**DESCRIPTION OF THE TASK:**
Omitting all images, set down every line below exactly as it appears.

**SUPPLIED MATERIAL:**
★ ★ ★ ★ ★ ★ ★

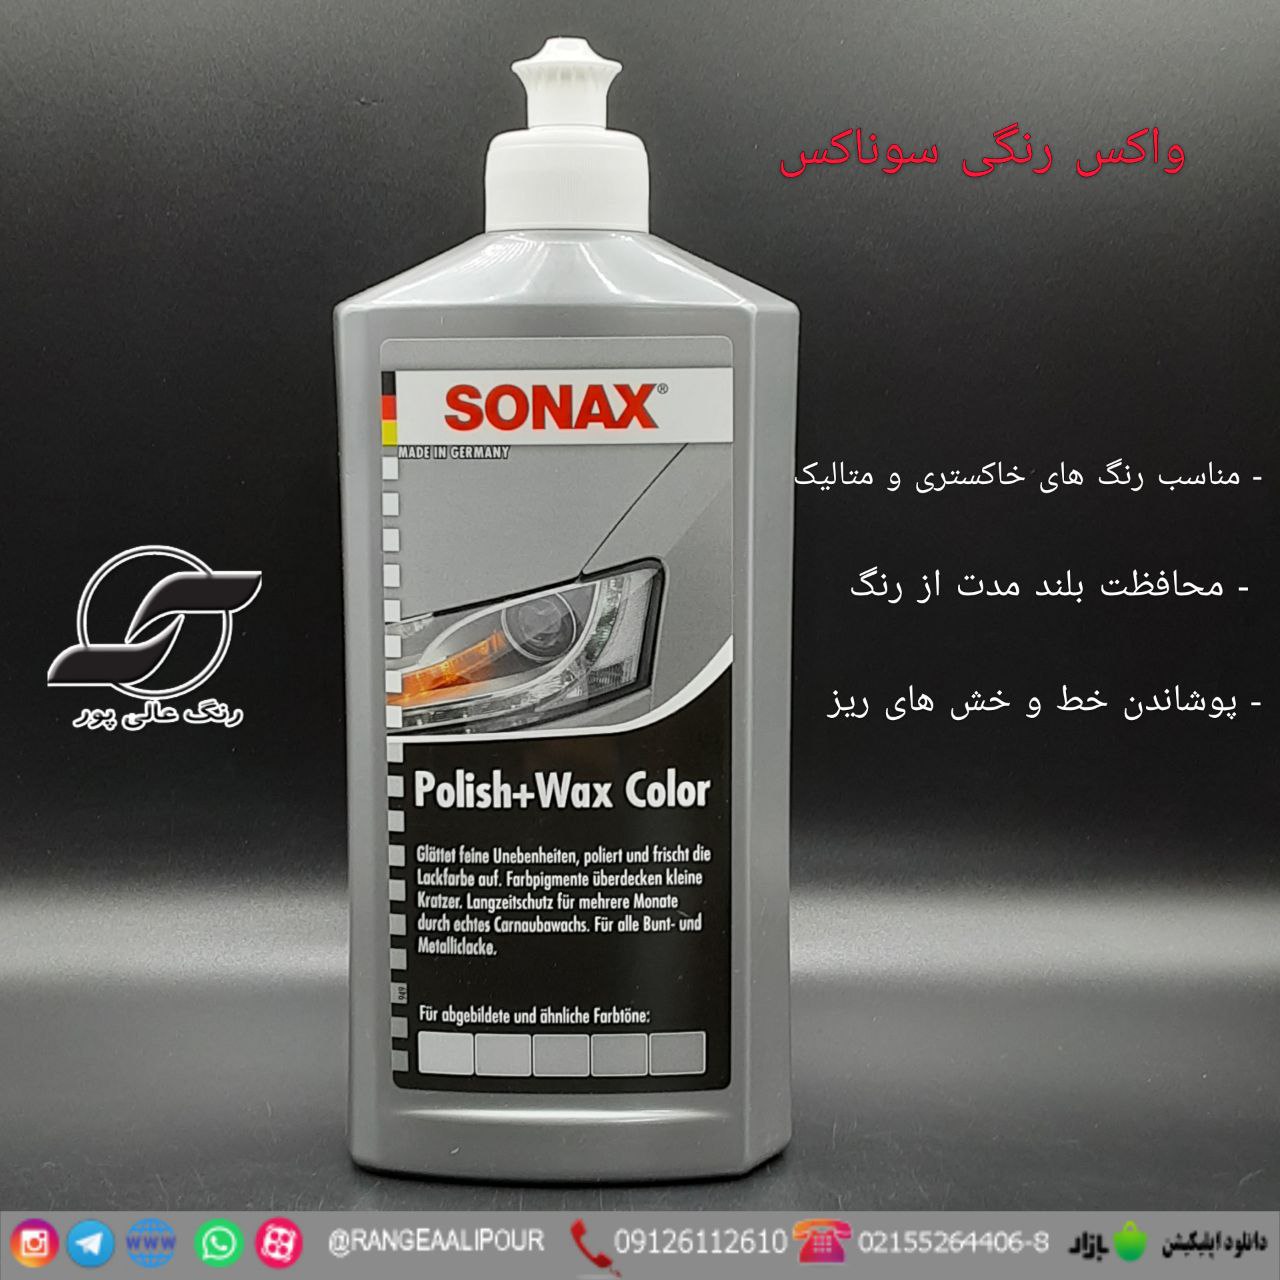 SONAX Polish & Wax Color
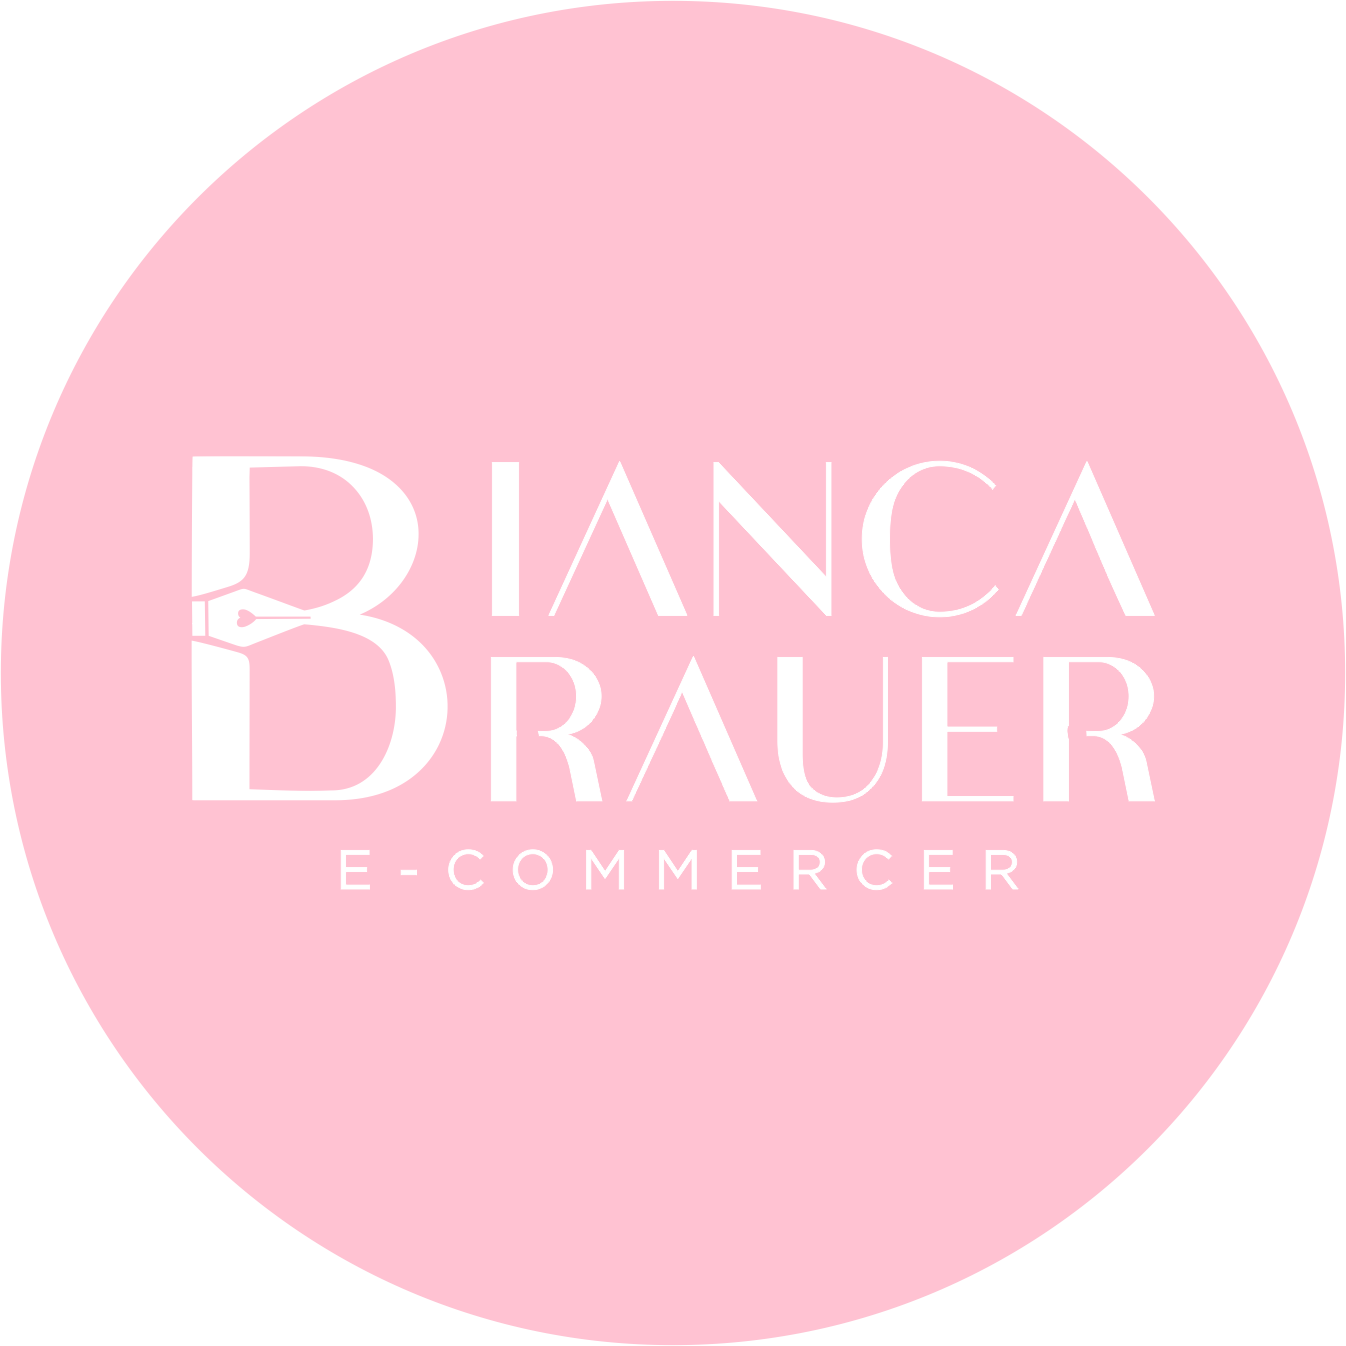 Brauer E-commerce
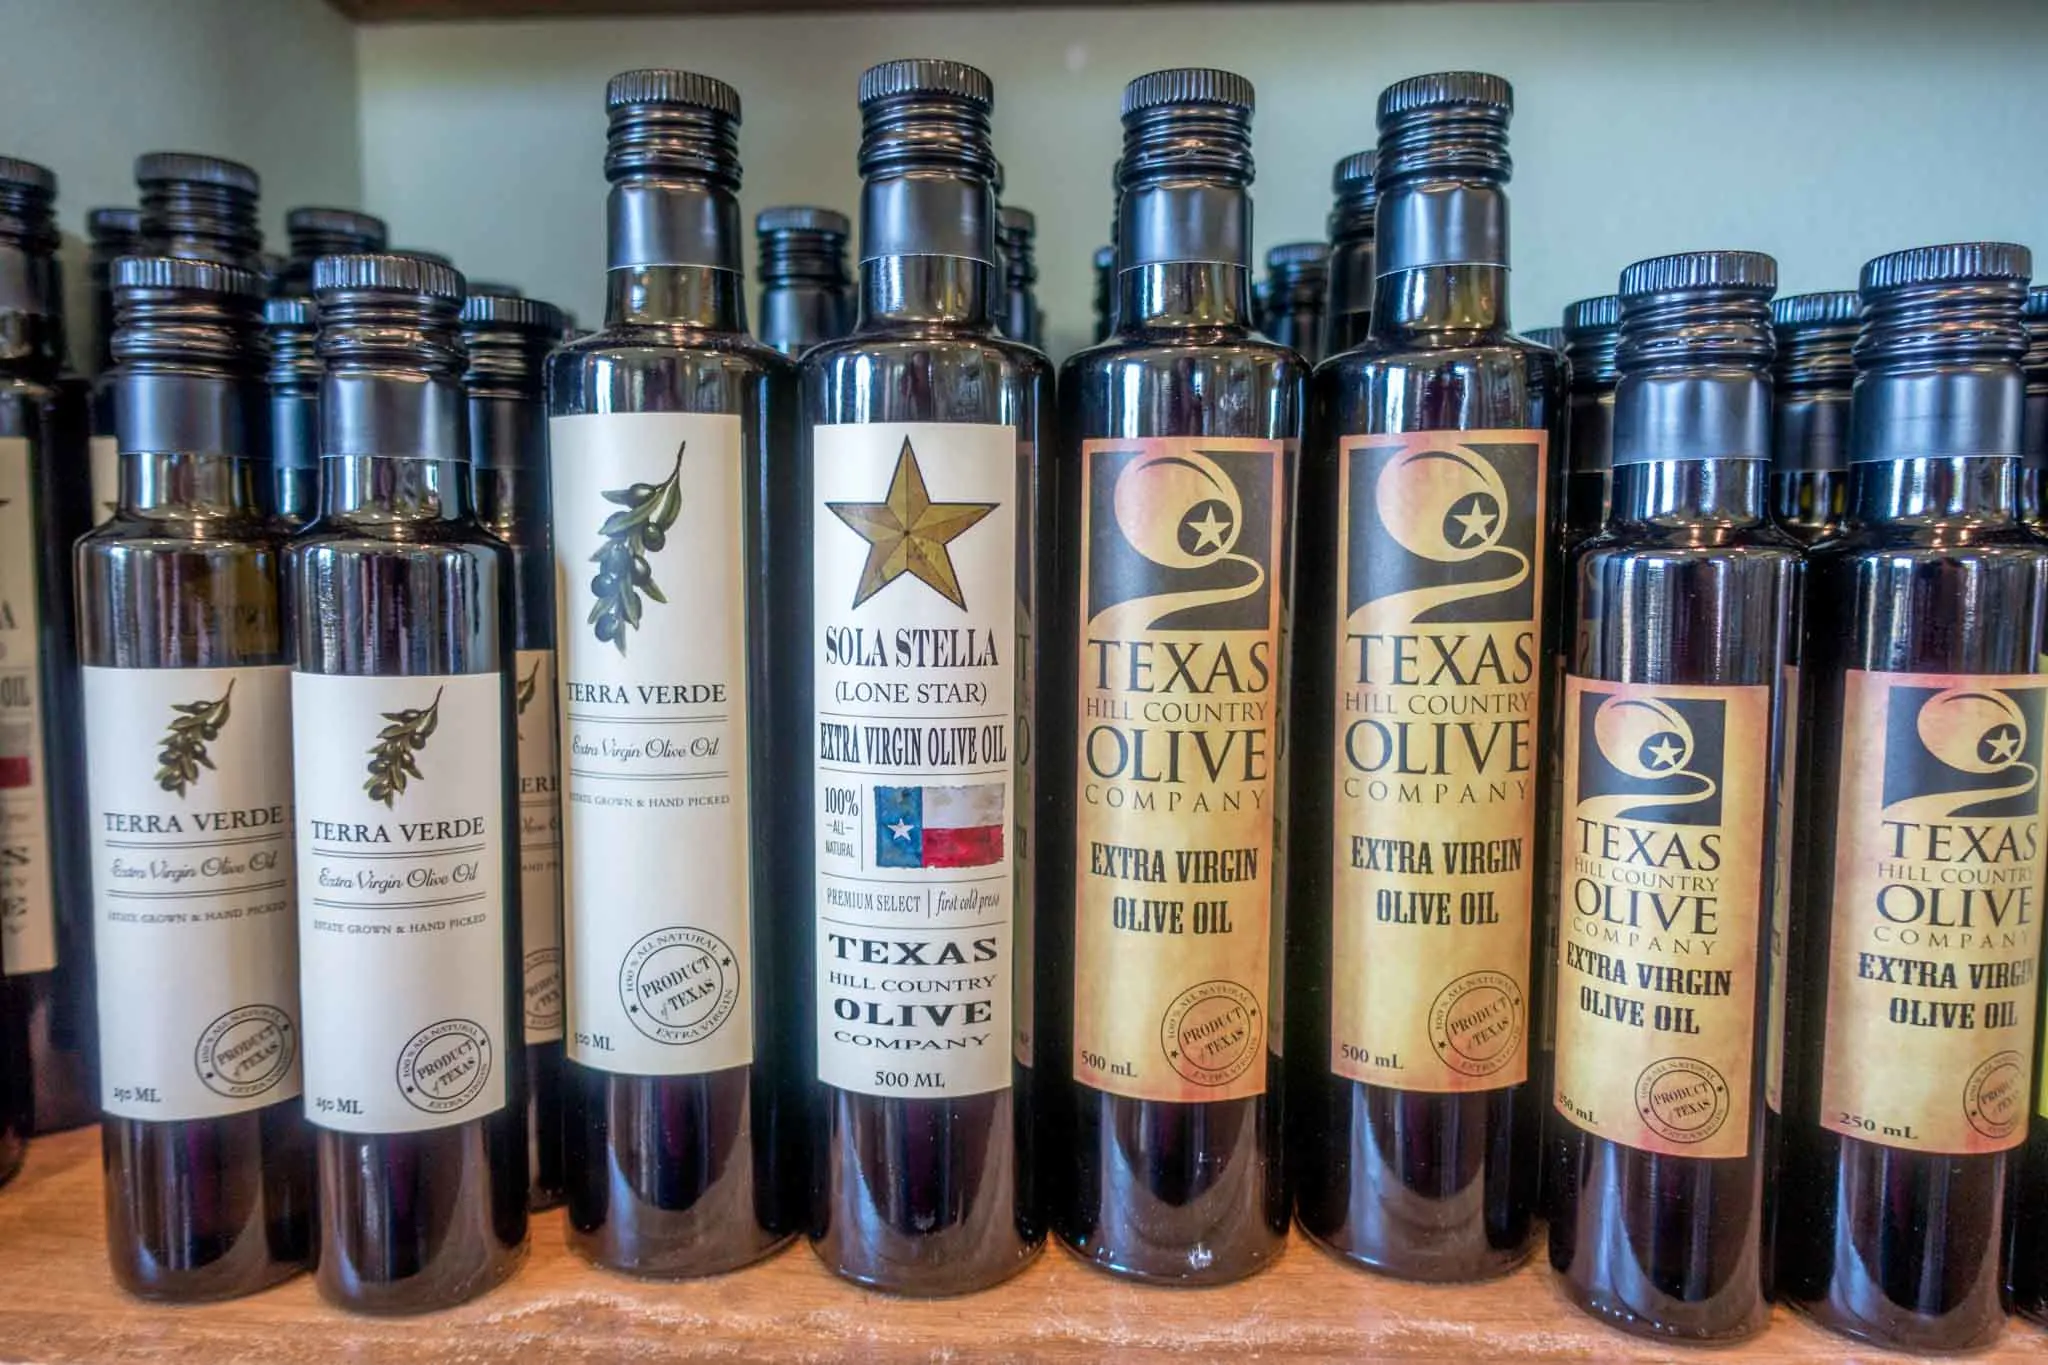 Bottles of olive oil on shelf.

★ ★ ★ ★ ★ ★ ★

**EXERCISE SOLUTION:**
 SONAX Polish & Wax Color
 Brauer E-commerce
 Bottles of olive oil on shelf.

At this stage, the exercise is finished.